Better approach: Use MongoDB 5.0+ time-series collections instead of regular collections. Time-series collections are optimized for this exact workload: they use columnar storage (timestamps, metrics, values stored separately), auto-compress old data, and queries are 10x faster. Example: `db.createCollection("metrics", {timeseries: {timeField: "timestamp", metaField: "metric", granularity: "seconds"}})`. Then query as normal—internally optimized.

For non-time-series collections: (1) Partition by time: instead of 1 billion docs in one collection, create monthly collections: metrics_2024_01, metrics_2024_02. Index each monthly collection—fragmentation is local and indexes are much smaller; (2) Shard by metric ID: `sh.shardCollection("metrics", {metric: 1})` distributes metrics across shards, each shard's index is smaller and less fragmented; (3) Use descending timestamp: {metric: 1, timestamp: -1} might help if queries often ask for recent data first (latest N values before a time).

Recommended: Migrate to time-series collection for modern MongoDB versions. Verify query performance improves by >5x with explain and check IXSCAN vs COLLSCAN.

Follow-up: Design a metrics system on MongoDB time-series collections. How would you handle retention (delete data older than 1 year)?

You create an index on {email: 1} to enforce uniqueness: `db.users.createIndex({email: 1}, {unique: true})`. A user with an unset email field inserts successfully. Later, another user with unset email also inserts, violating uniqueness. But the index allowed it. Explain why, and how would you fix?

MongoDB treats missing fields as NULL for indexing purposes. With unique index on {email: 1}, MongoDB considers documents with missing email as having email: null. The index allows multiple null values by default—this is a quirk of MongoDB indexing.

To fix: (1) Make email required in schema validation: `db.createCollection("users", {validator: {$jsonSchema: {required: ["email"]}}})`; (2) Create sparse unique index: `db.users.createIndex({email: 1}, {unique: true, sparse: true})`. Sparse index ignores documents with missing field, so multiple missing emails are allowed in collection but at most one non-null email per value; (3) Provide default value: `db.users.insertOne({email: user.email || generateUniqueId()})` to ensure email is always present and unique.

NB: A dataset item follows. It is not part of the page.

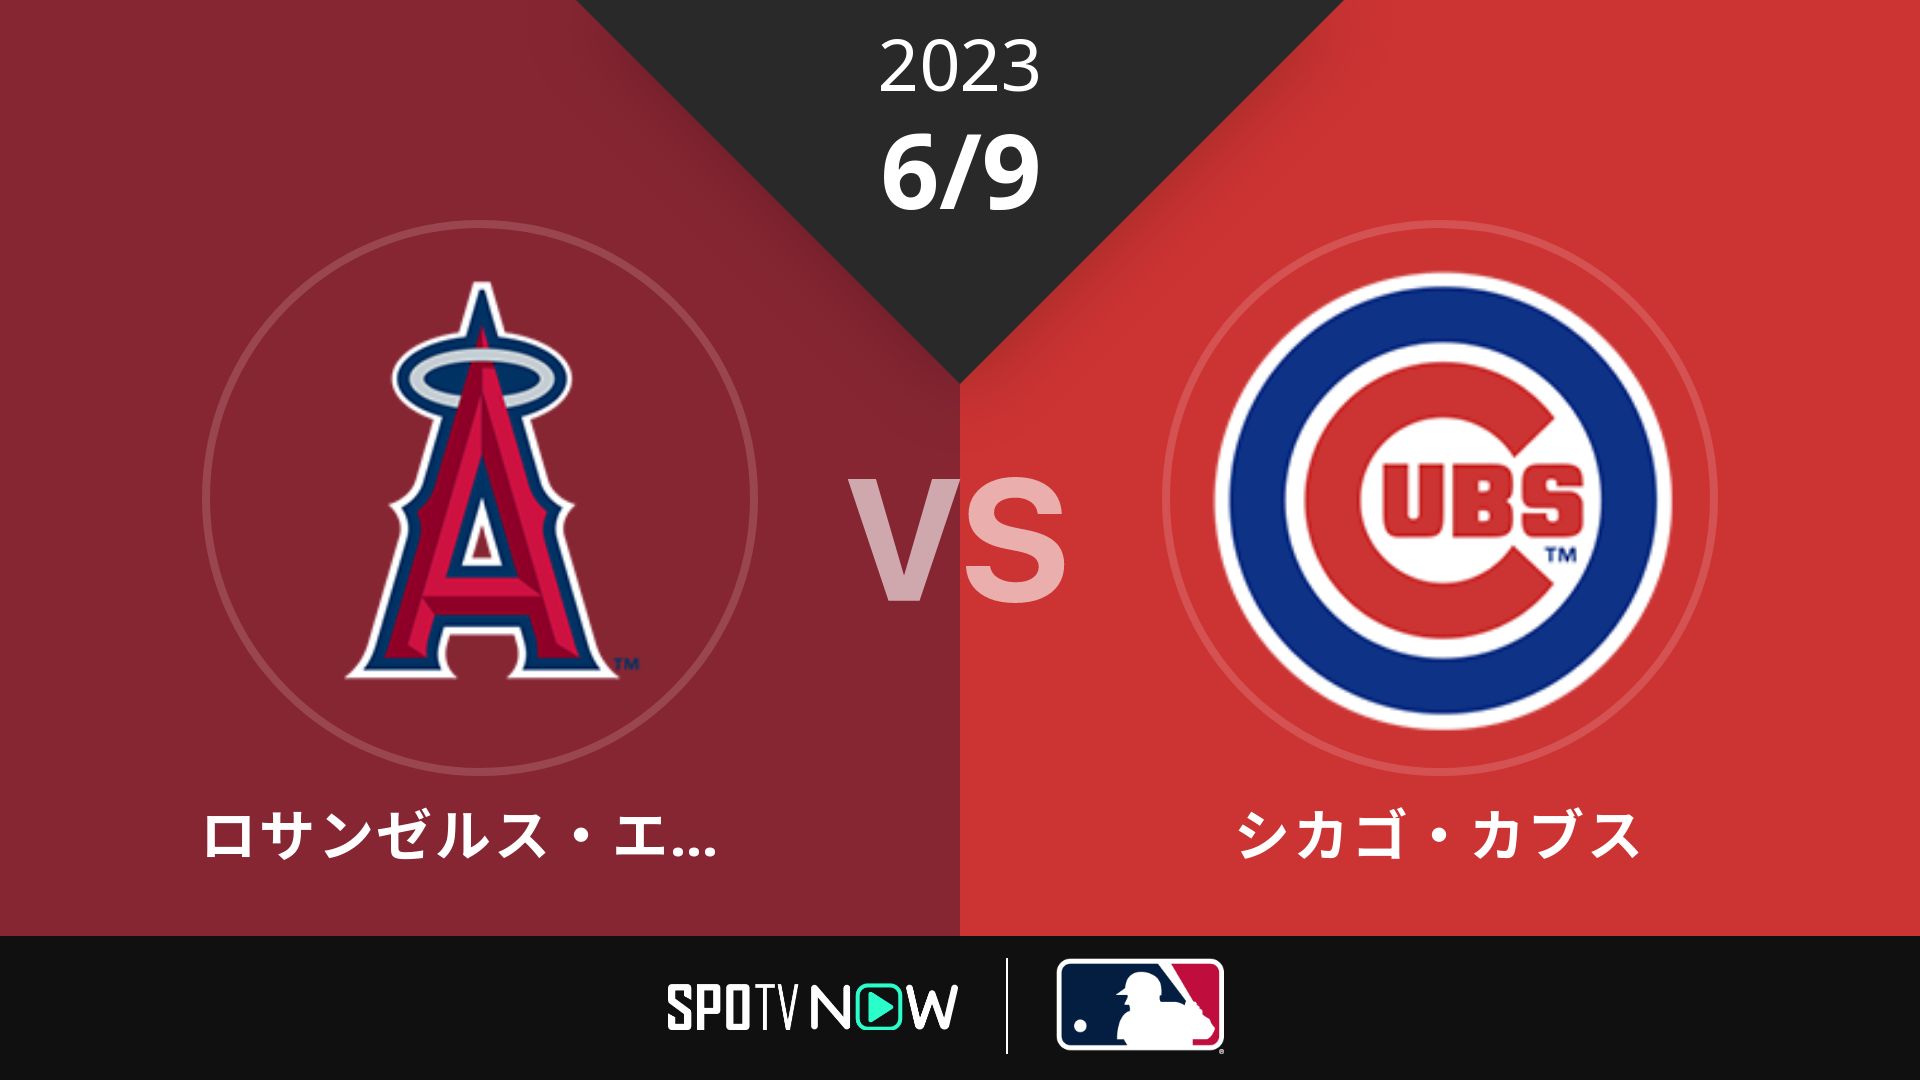 2023/6/9 エンゼルス vs カブス [MLB]

Sparse unique index is the best fix if you want to allow missing emails: `db.users.createIndex({email: 1}, {unique: true, sparse: true})` allows many documents with missing email but enforces uniqueness on provided emails. Verify: insert multiple users with no email (succeeds), insert two users with same email (fails).

For strict uniqueness including null: don't use sparse, and ensure schema validation requires email field.

Follow-up: Design a schema that handles optional email for some documents (e.g., social login users who don't provide email) but still enforces uniqueness on provided emails.